When he decides he wants to have a child with his new wife, Tami-Lynn (Jessica Barth), Ted (MacFarlane) faces the dispiriting realisation that in the eyes of the law he is not a human, he is a toy.

by Olly Richards |
Published on
Release Date:

10 Jul 2015

Running Time:

NaN minutes

Certificate:

TBC

Original Title:

Ted 2

There was a quality to Ted that made it seem plucked from the ’80s, a time when movies would happily let a high concept just fly, untethered to reality. A bear could come to life and the world around him would carry on unbothered. This sense of freedom to be fantastical without labouring the point was one of its most enjoyable qualities. Ted 2 continues with the retro feel, but this time more specifically following the trend of ’80s sequels in that it heads for New York and isn't nearly as good as the first one.

It's apparent from the opening credits that Seth MacFarlane has lost sight of the original’s tone. He kicks things off with a big old-Hollywood dance number with top hats and swishy dresses and Ted shuffling in the middle. It's a well-produced sequence, but it's not played for laughs. Who is that for? It’s a bizarre start to a film that never settles into a coherent plot, veering from a story about Ted wanting to be a dad, to Ted going to court to prove he’s a person, to Ted going on a road trip with his friend John (Mark Wahlberg) and their lawyer (Amanda Seyfried, better than the material) to Manhattan. They’re chasing a story but they never quite catch it.

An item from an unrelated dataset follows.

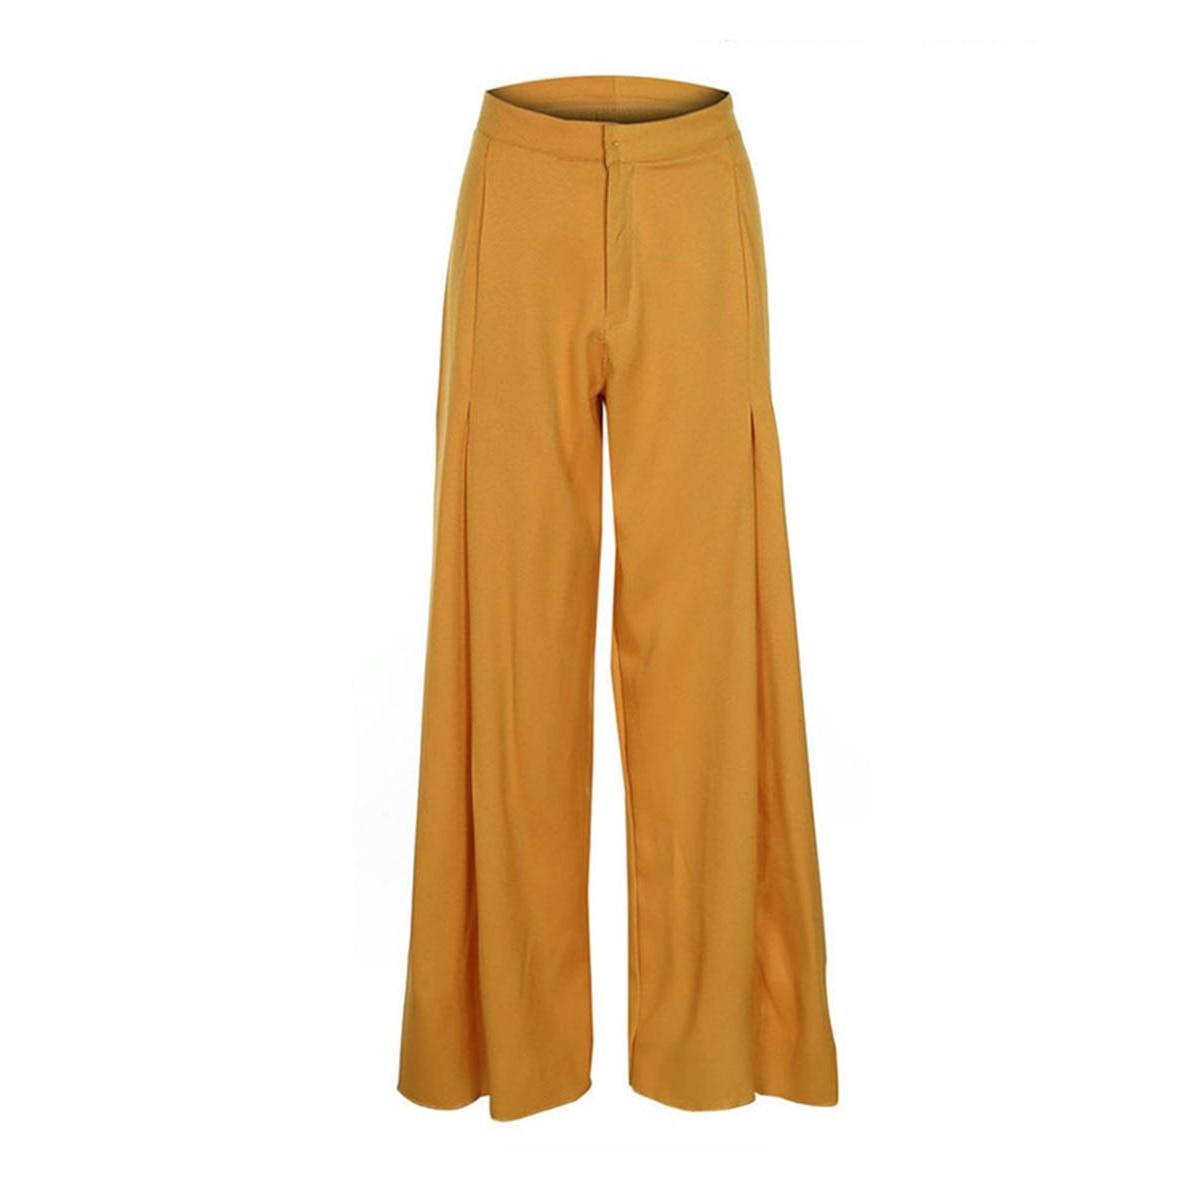 Kinikiss 2019  High Waist Women Casual Pants Wide Legs Fall Yellow Autumn White Loose Button Zipper Fashion Pleated Female Pants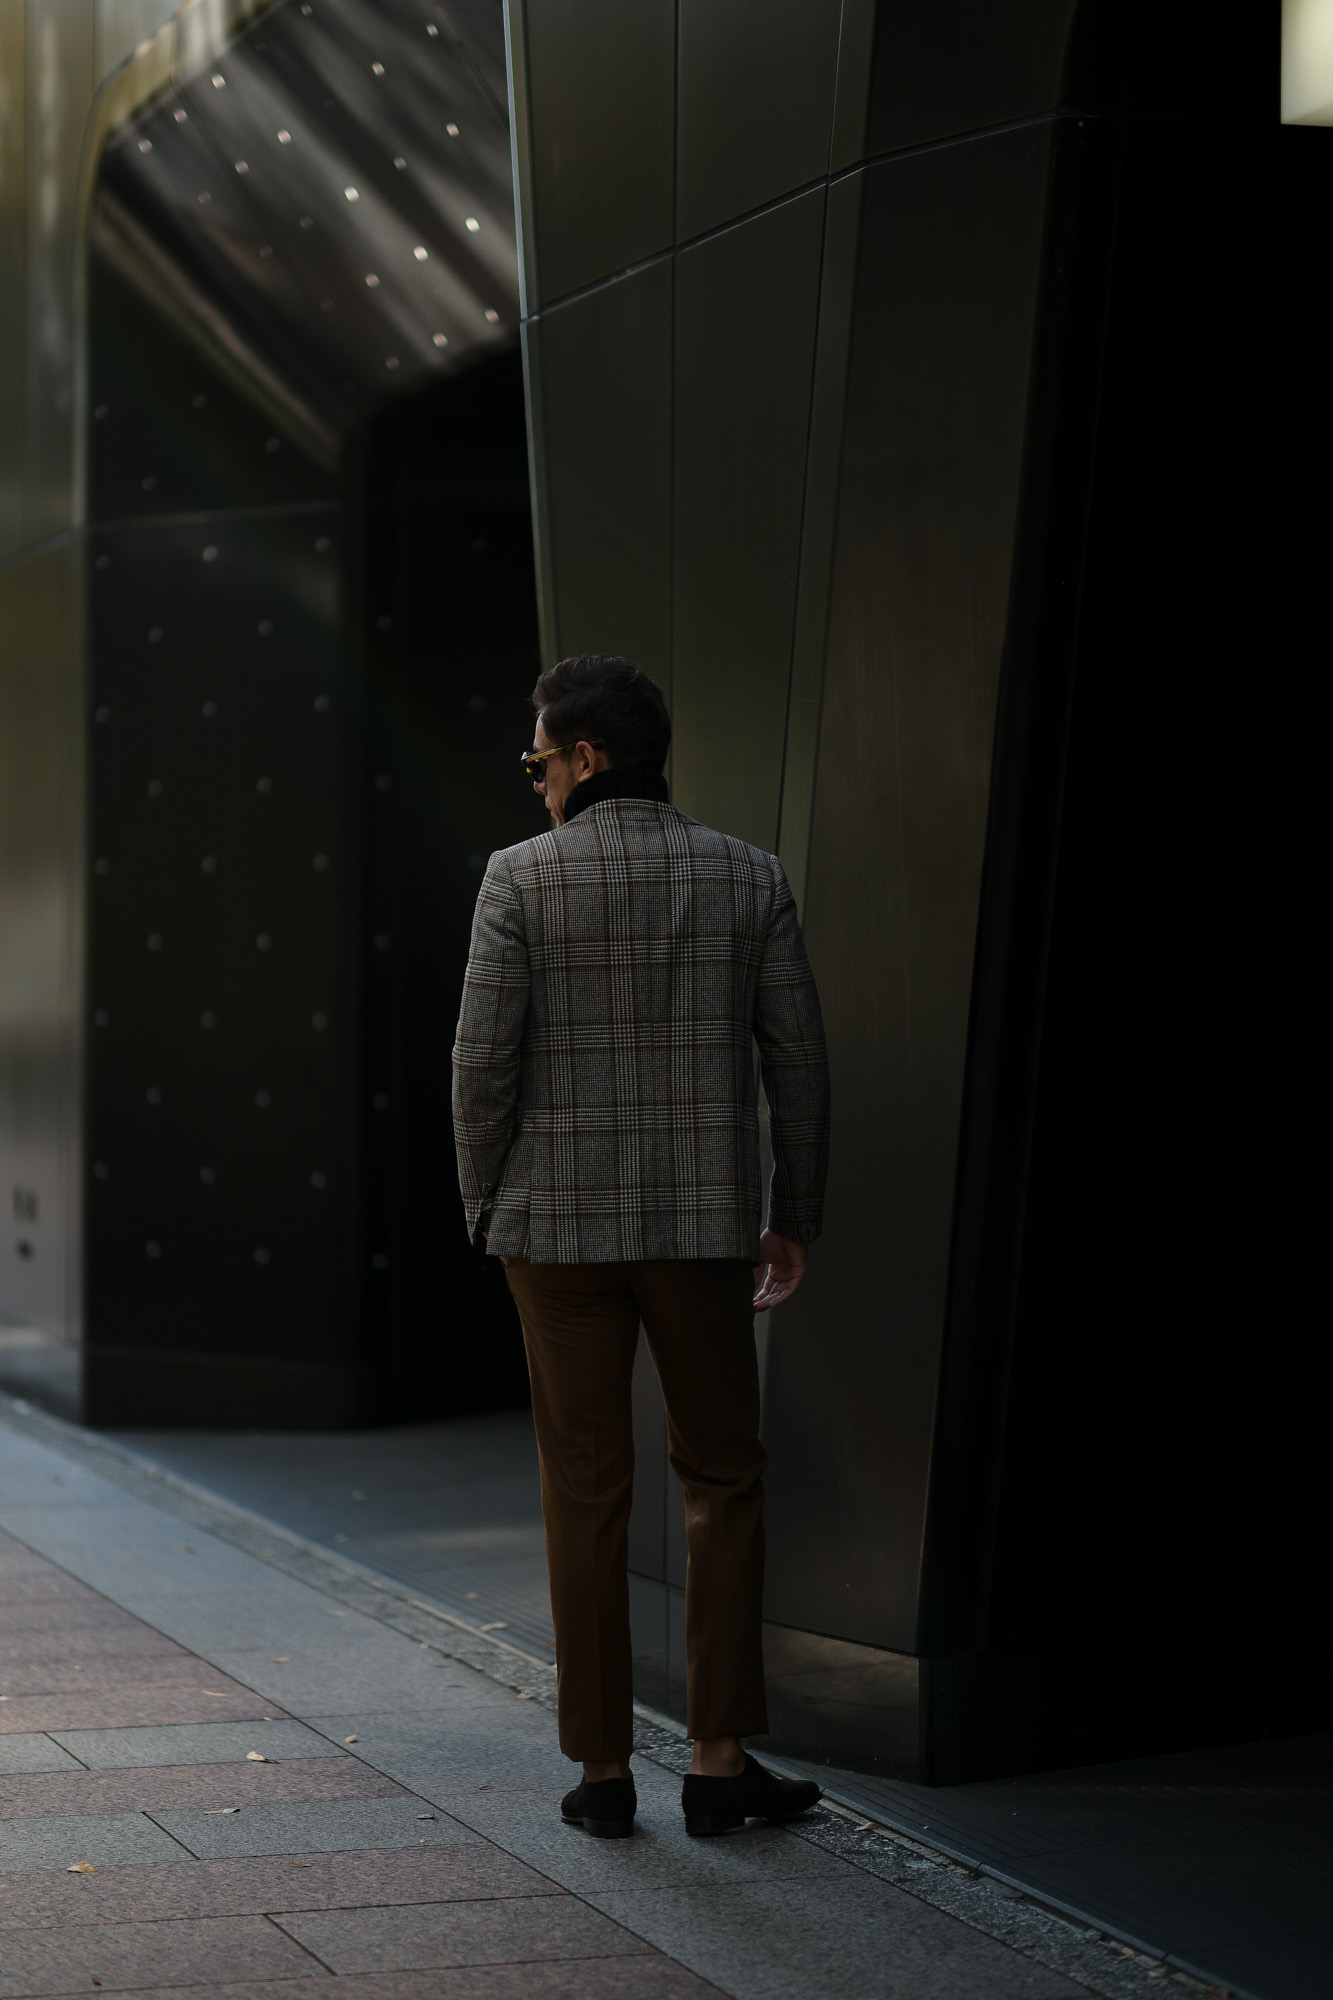 INCOTEX (インコテックス) N35 SLIM FIT (1NT035) SUPER 100'S CARDED FLANNEL フランネル ウール スラックス BROWN (ブラウン・640) 2018秋冬新作 愛知 名古屋 alto e diritto アルトエデリット 茶スラ

MacFarlane's mega-hit Family Guy operates happily as a grab-bag of easy pop-culture references and random plotting. He falls back on that M. O. here, which might make it a hit with lovers of his TV shows but leads to a messy movie. Case in point: in a scene where Ted and his stoner friends happen across the Valhalla of marijuana fields, MacFarlane leans into a pastiche of Jurassic Park — quite funny when it's just an awed head-turn but senseless with, "They move in herds," as a punchline. There's not actually a joke there. That's not comedy, that's hoping people remember stuff. It’s T-shirt slogans instead of a script.

All this might have been just daftly distracting if MacFarlane’s scattershot-offensiveness comedy style occasionally hit his stars. He finds innumerable ways to work the words “black guys” into a punchline and loves a gay gag, but this apparently unemployed man-child and his white-trash bear escape almost unscathed.

Less fun than last time and oddly unpleasant in its tone. MacFarlane takes potshots at everyone he can find, while shielding the two characters that deserve it most.